Data provided -
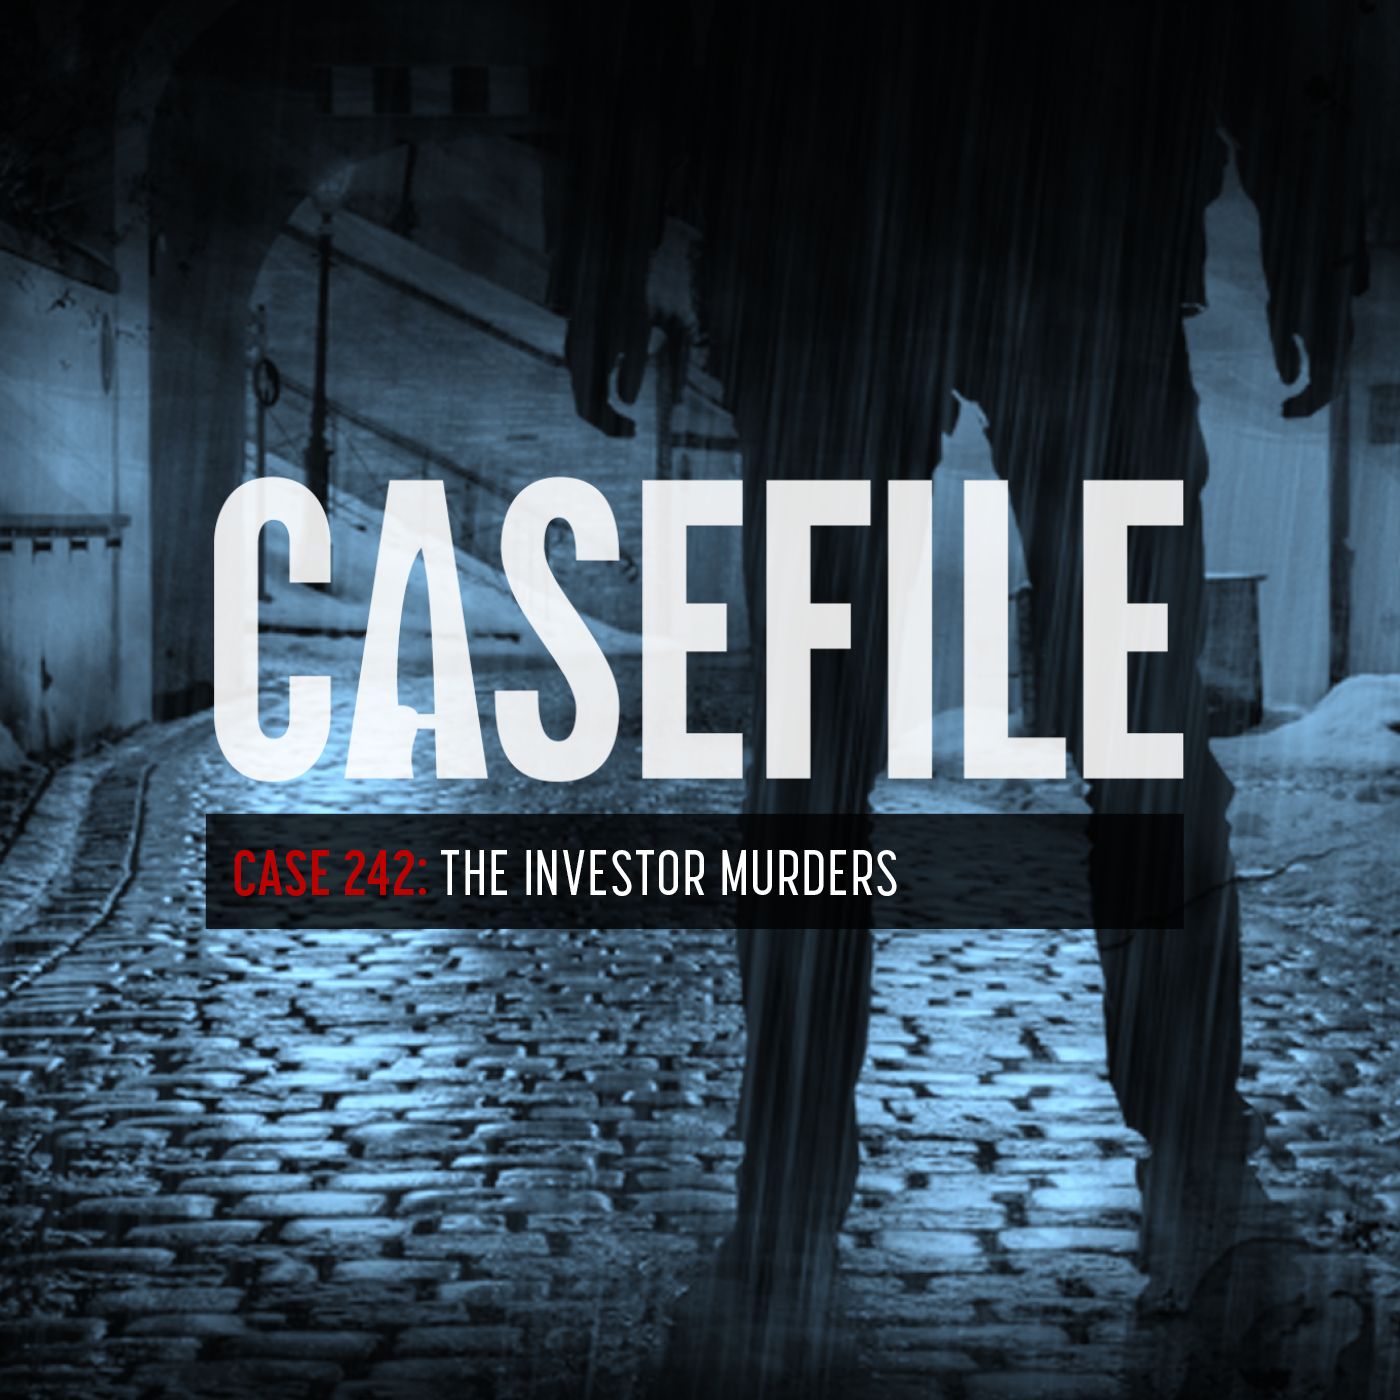 Case 242: The Investor Murders
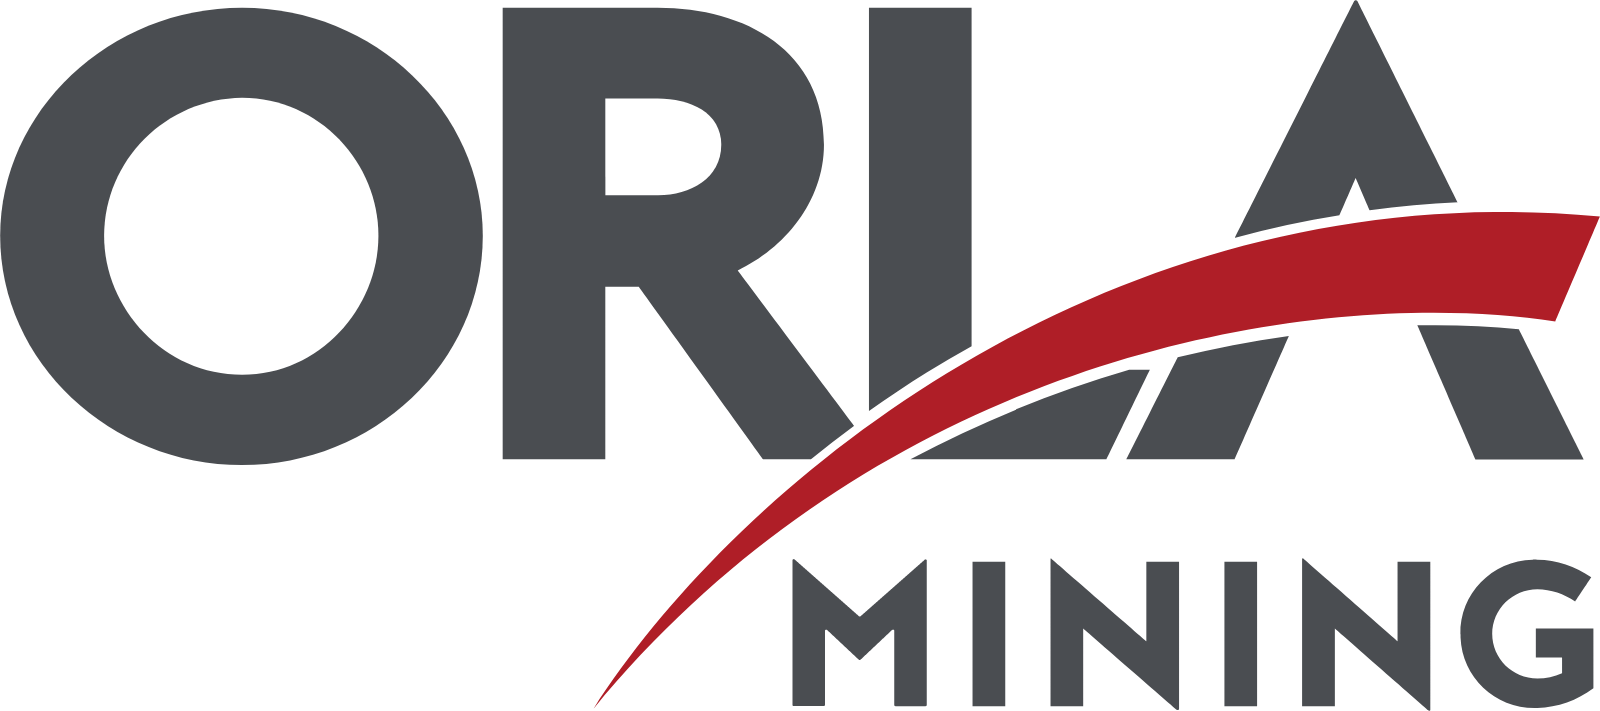 Orla Mining logo large (transparent PNG)
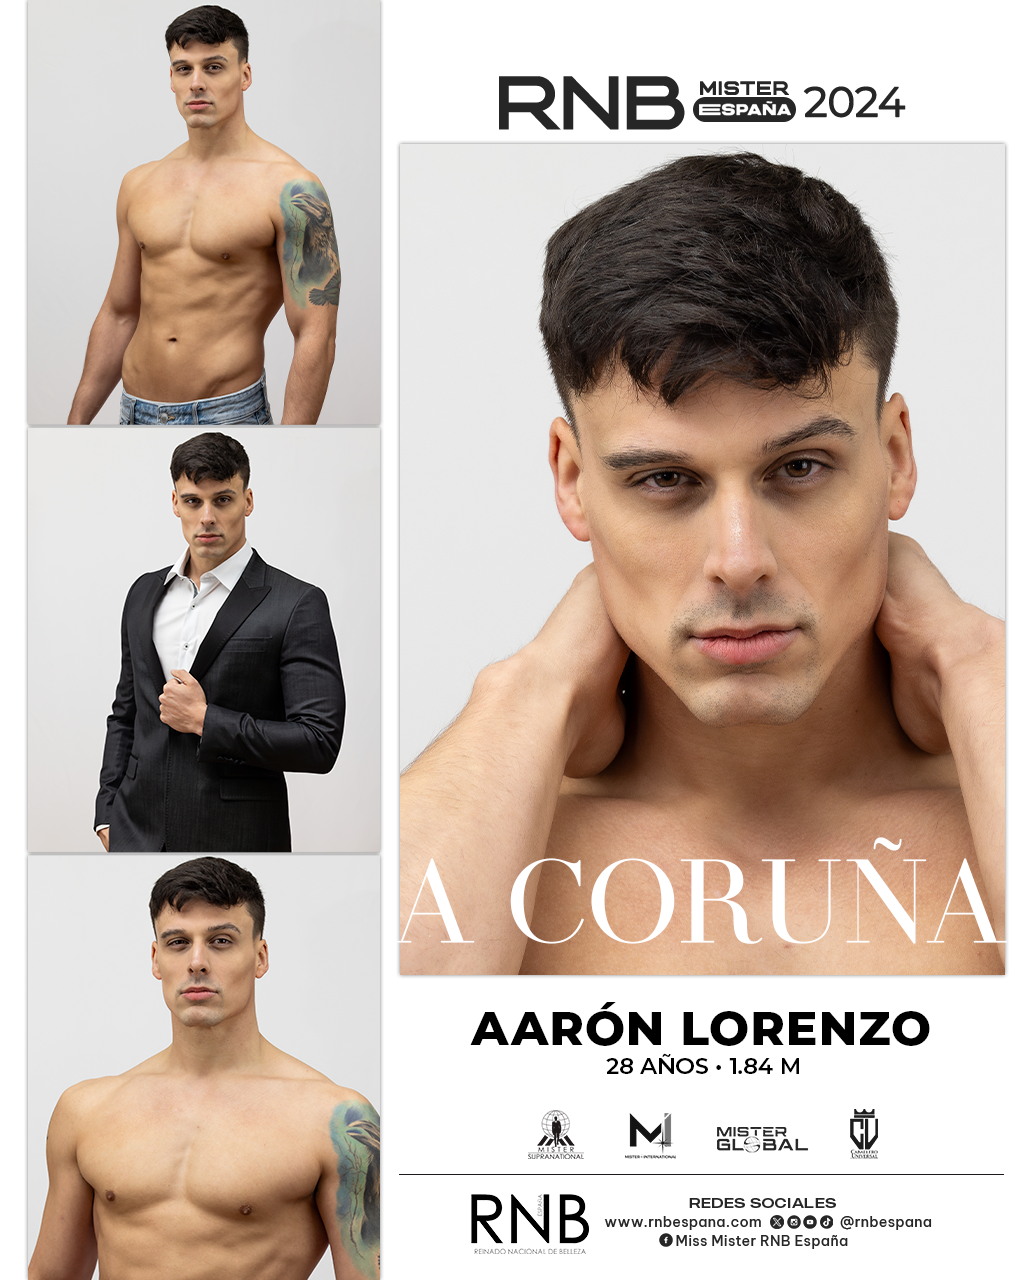 Mister RNB A Coruna 2024 Aaron Lorenzo Banner

Requirement - Would you transcribe the whole listing above exactly? The pictures should not be included.

Problem solution -
 Case 242: The Investor Murders
 Orla Mining logo large (transparent PNG)
 Mister RNB A Coruna 2024 Aaron Lorenzo Banner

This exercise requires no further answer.